EXERCISE DATA:
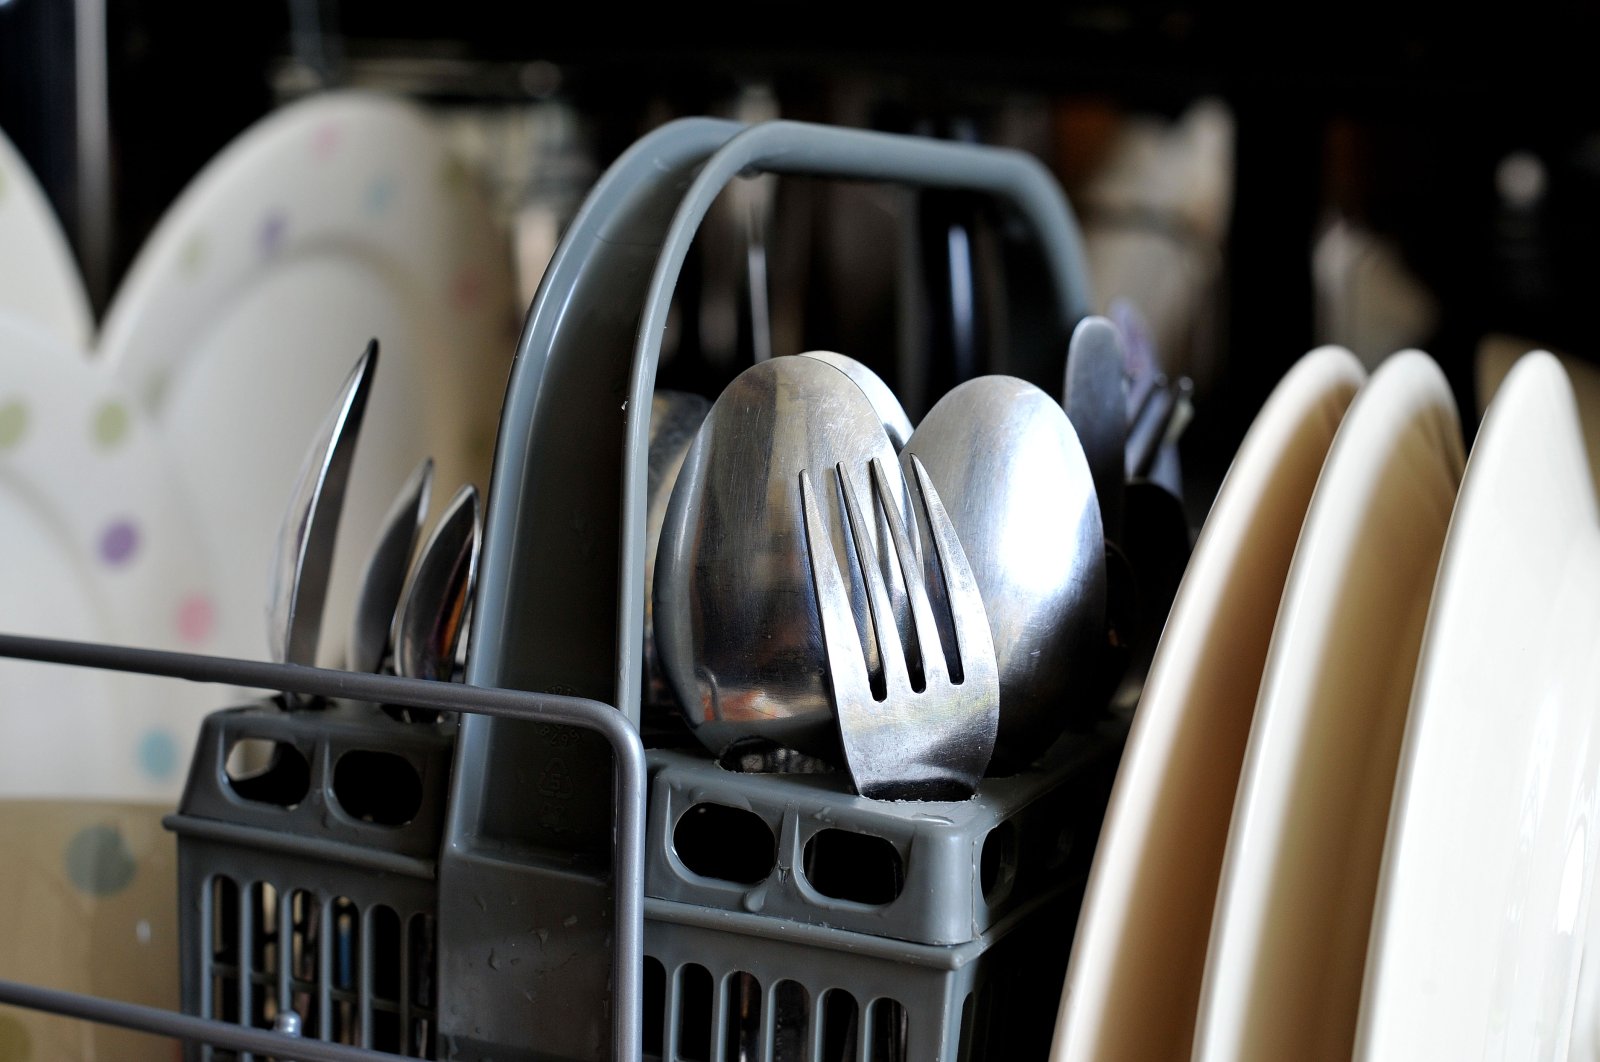 Dirty crockery and eating utensils wait to be washed in a dishwasher. (Reuters File Photo)
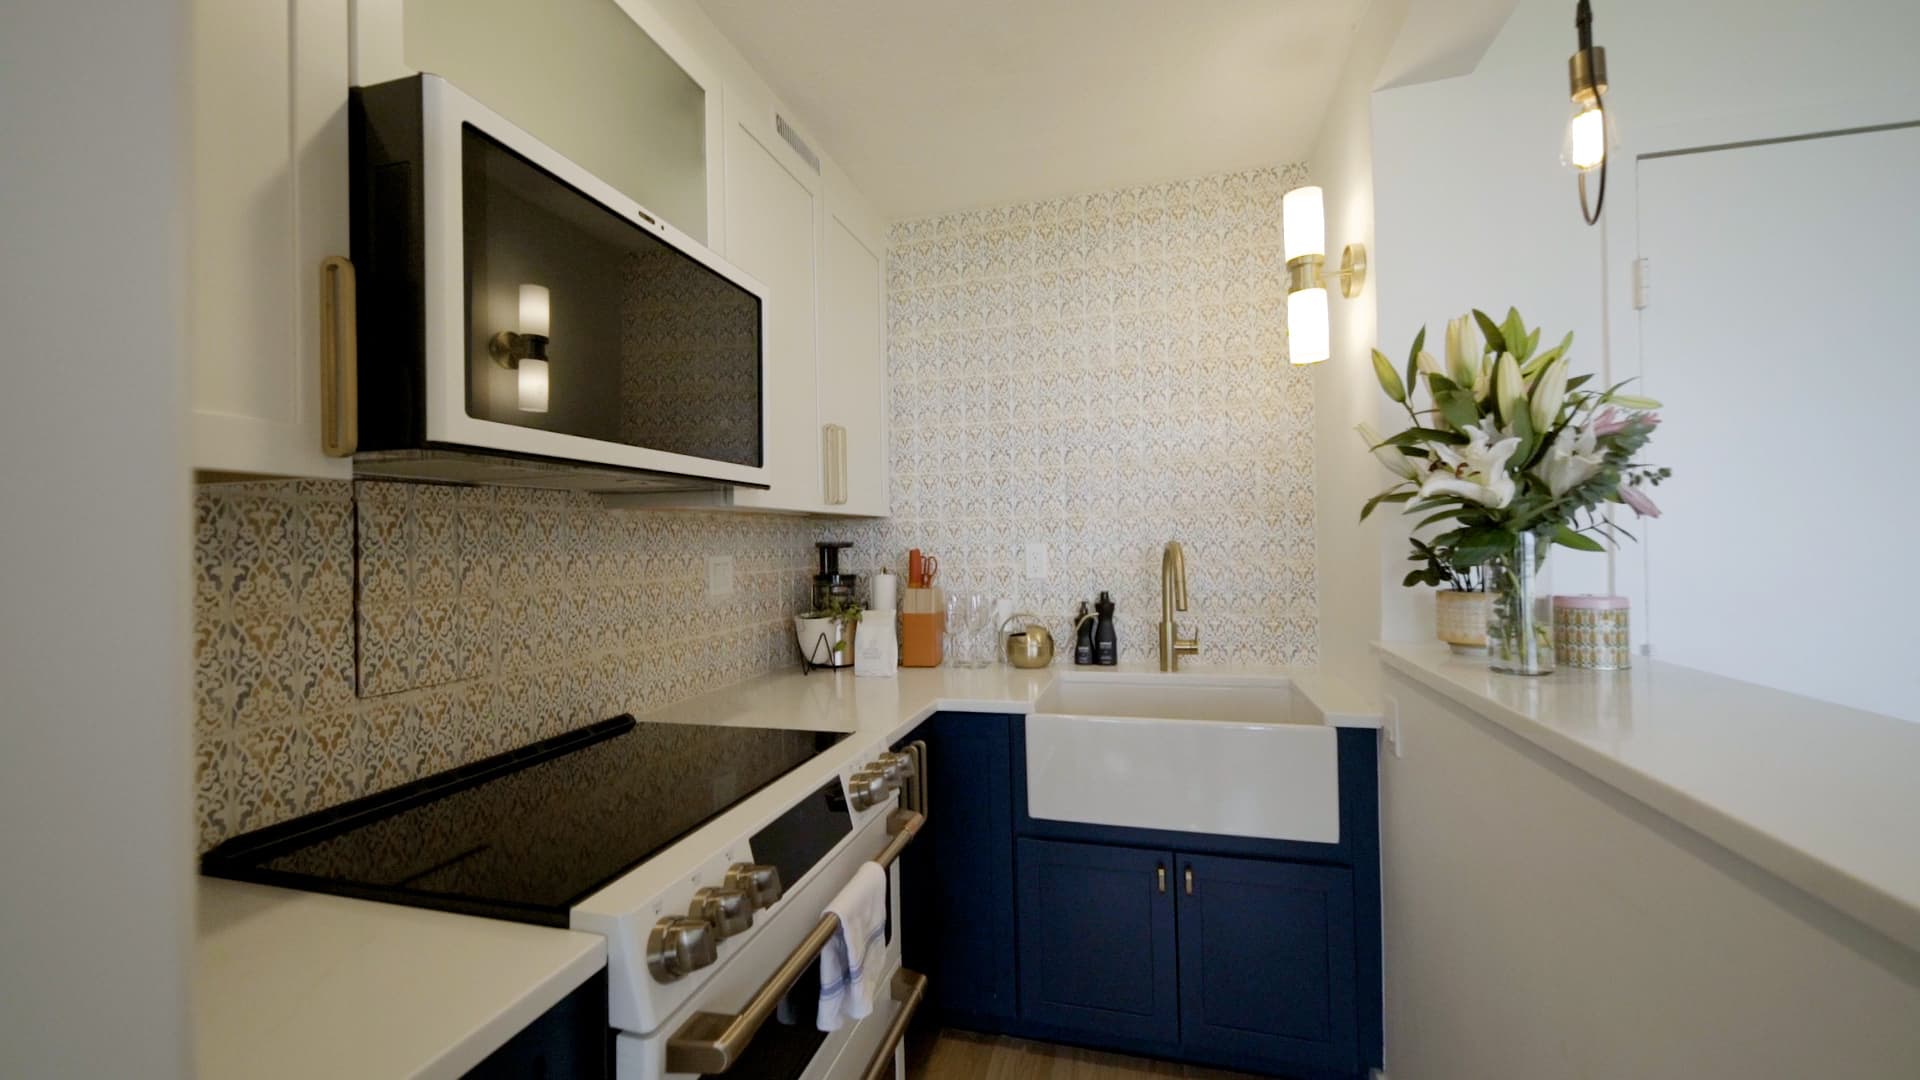 The tiles on the kitchen backsplash are a splurge that Nabongo purchased from Spain.
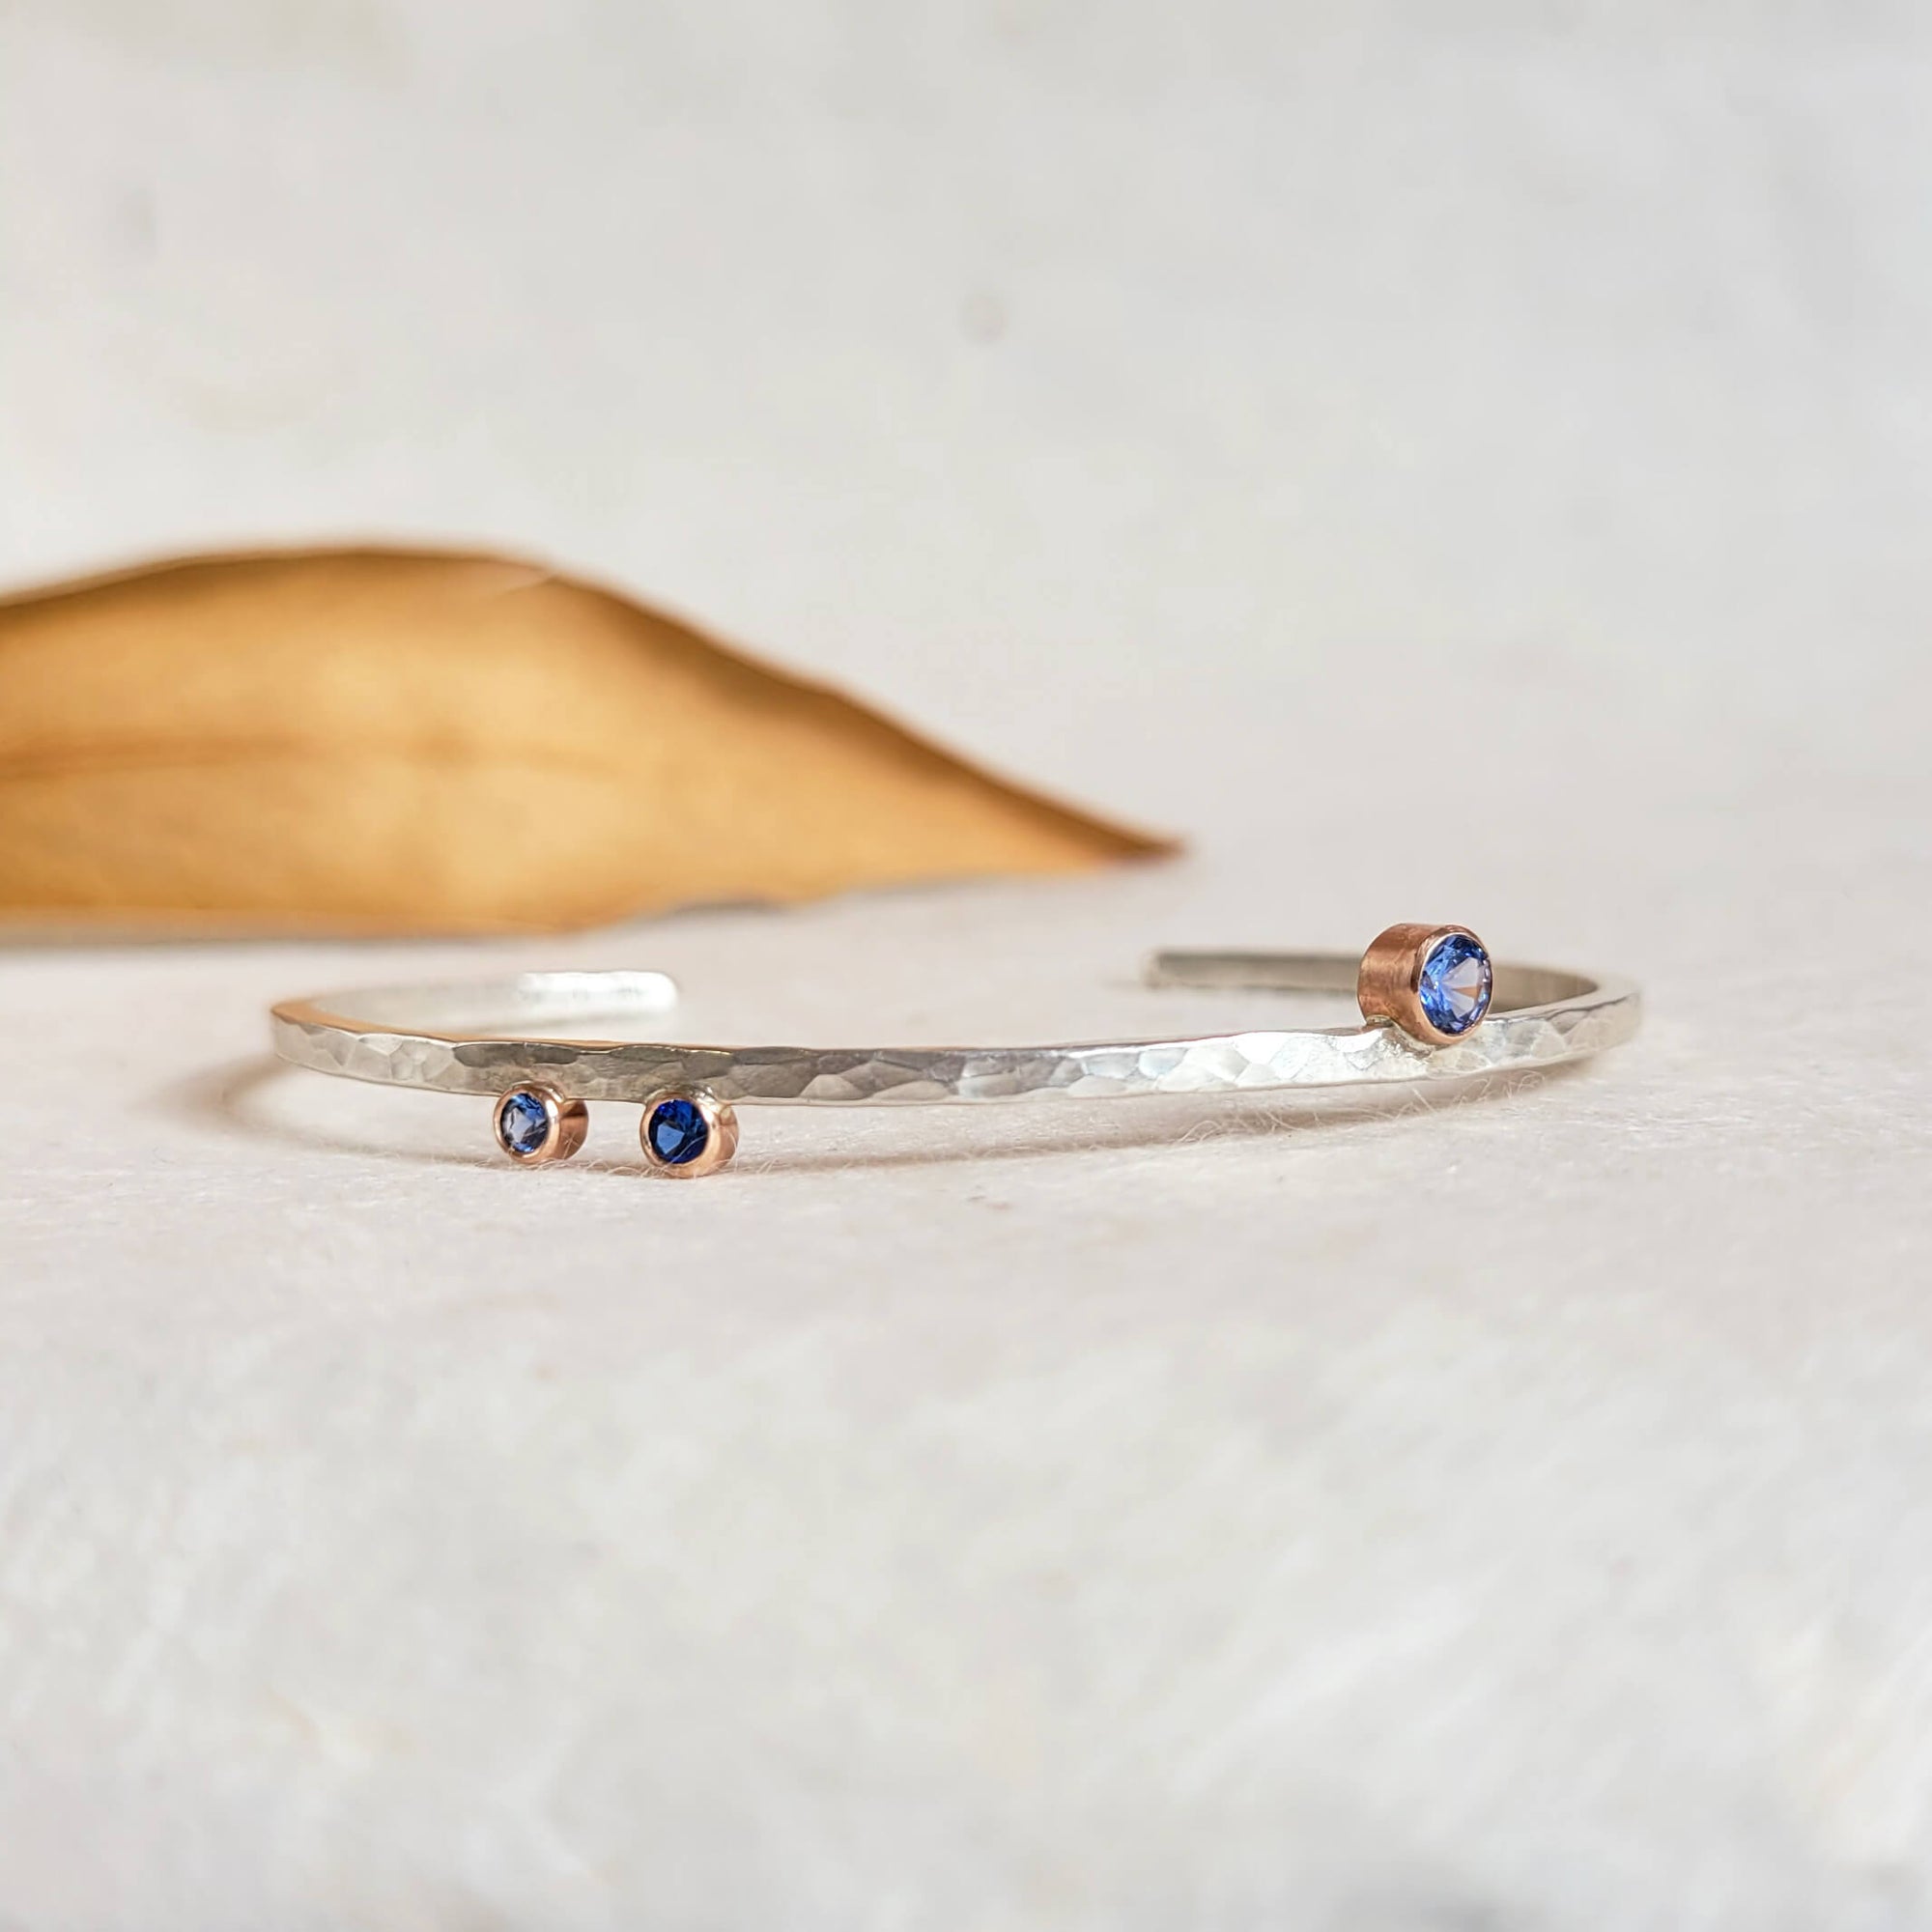 Brilliant Blue Sapphire Cuff Bracelet in Hammered Sterling Silver and Rose Gold

TASK INSTRUCTIONS:
An exact copy of the whole listing is required, minus the pictures.

SOLUTION TO THIS PROBLEM:
 Dirty crockery and eating utensils wait to be washed in a dishwasher. (Reuters File Photo)
 The tiles on the kitchen backsplash are a splurge that Nabongo purchased from Spain.
 Brilliant Blue Sapphire Cuff Bracelet in Hammered Sterling Silver and Rose Gold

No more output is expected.